Tag Archives: It Came from Outer Space

3-D featured

Blu-ray Review: “3-D Rarities”

3-D cover art

I currently have about 7,200 titles in my DVD/HD DVD/Blu-ray library, but less than an hour into the two-and-a-half-hours-long 3-D Rarities, I knew I was looking at one of my Top Ten favorite titles. Of immense historical, technological, and cultural interest, and supremely entertaining besides, 3-D Rarities is one of the year’s top releases – heck, it’s one of the format’s best releases! – and a bona fide must-see.

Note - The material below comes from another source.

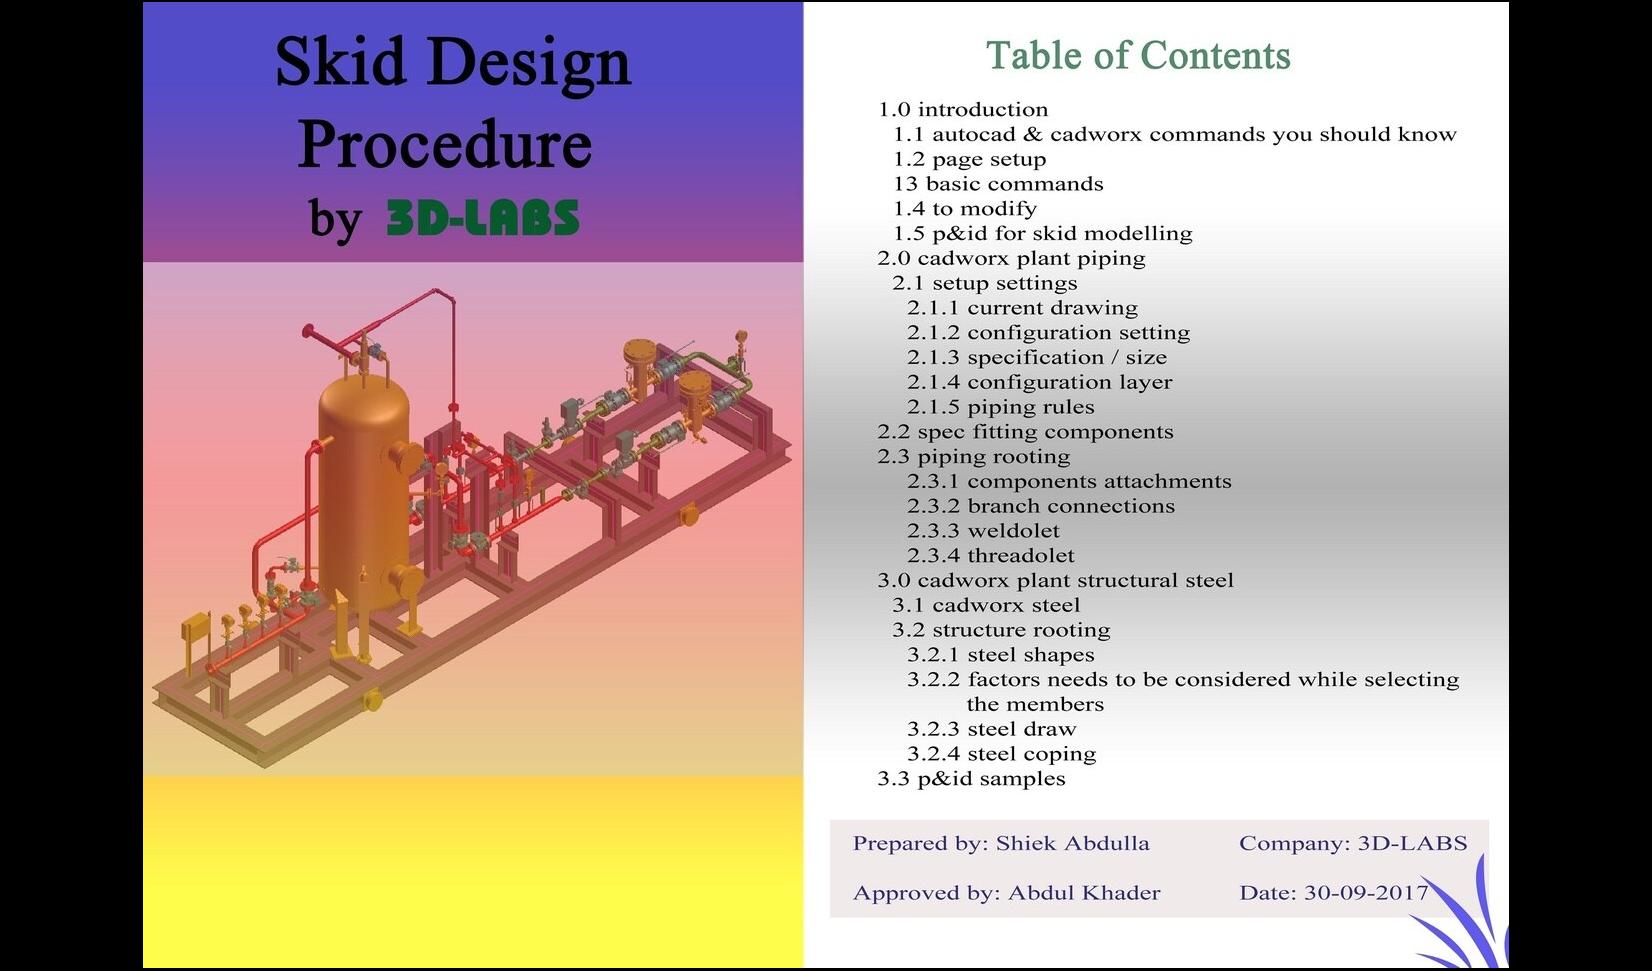 Skid Basic Design Procedure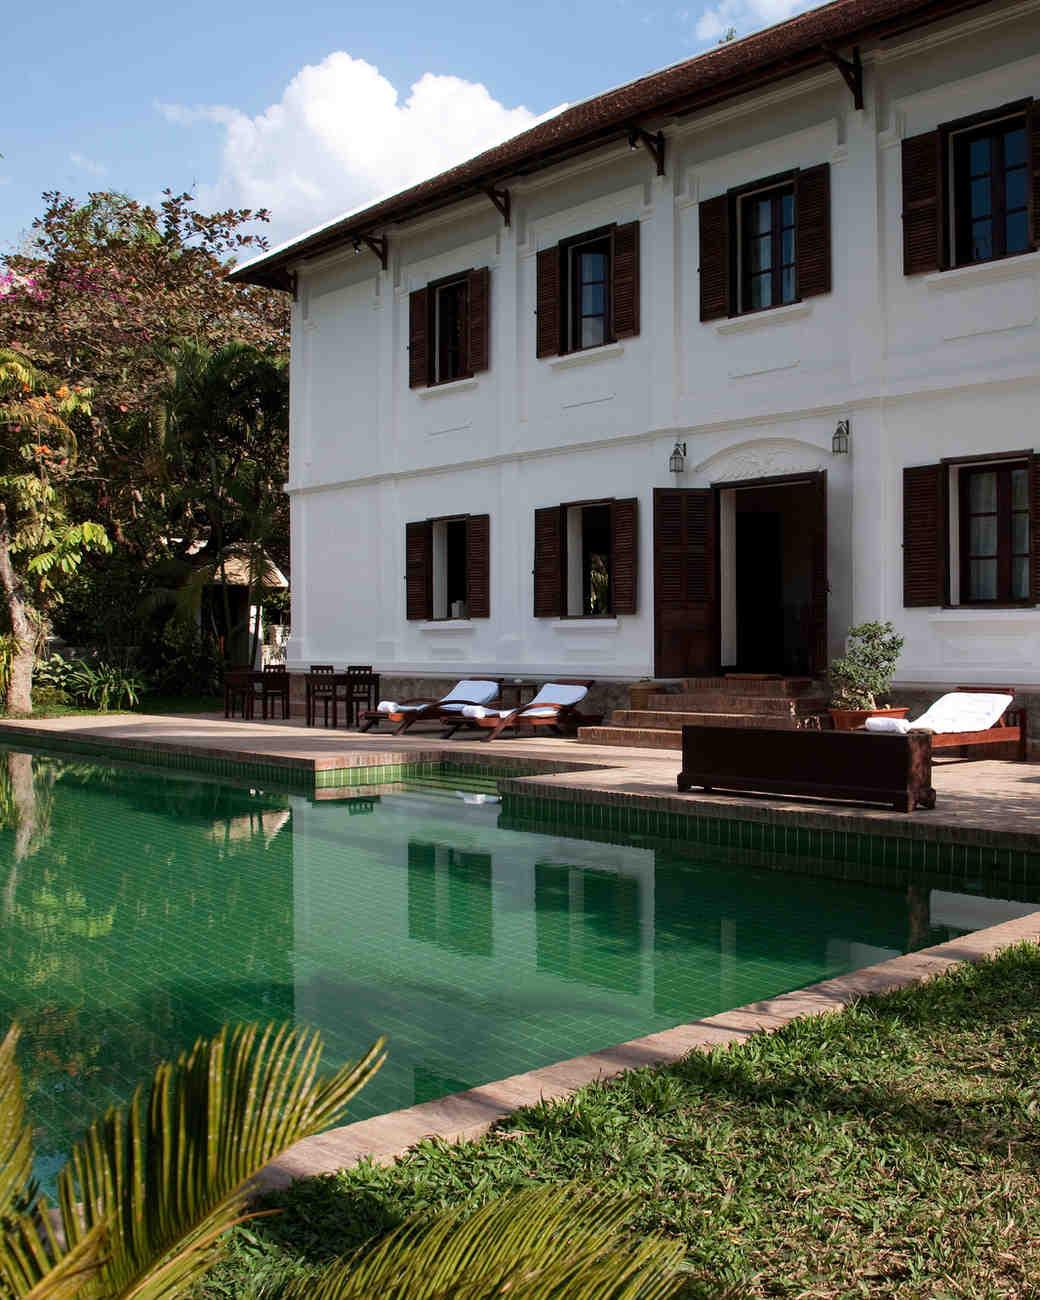 smith-satri-house-luang-prabang-laos.jpg

A grab bag of material stretching from 1922 into the early 1960s, 3-D Rarities gathers together an enormous amount of all sorts of things even hard-core 3-D enthusiasts have never seen presented so perfectly, when at all. The digital 3-D conversions are uniformly excellent and, truly, there’s something for everyone: historical footage of New York City and Washington D.C. in the 1920s; an amazing promotional film for the Pennsylvania Railroad line; trailers for ‘50s 3-D films (in 3-D); dazzlingly 3-D shorts directed by the National Film Board of Canada’s resident genius Norman McLaren; a completely unexpected anti-nuclear documentary made during the height of the Cold War (and quickly suppressed, unsurprisingly); an eye-popping Casper cartoon, and lots, lots more.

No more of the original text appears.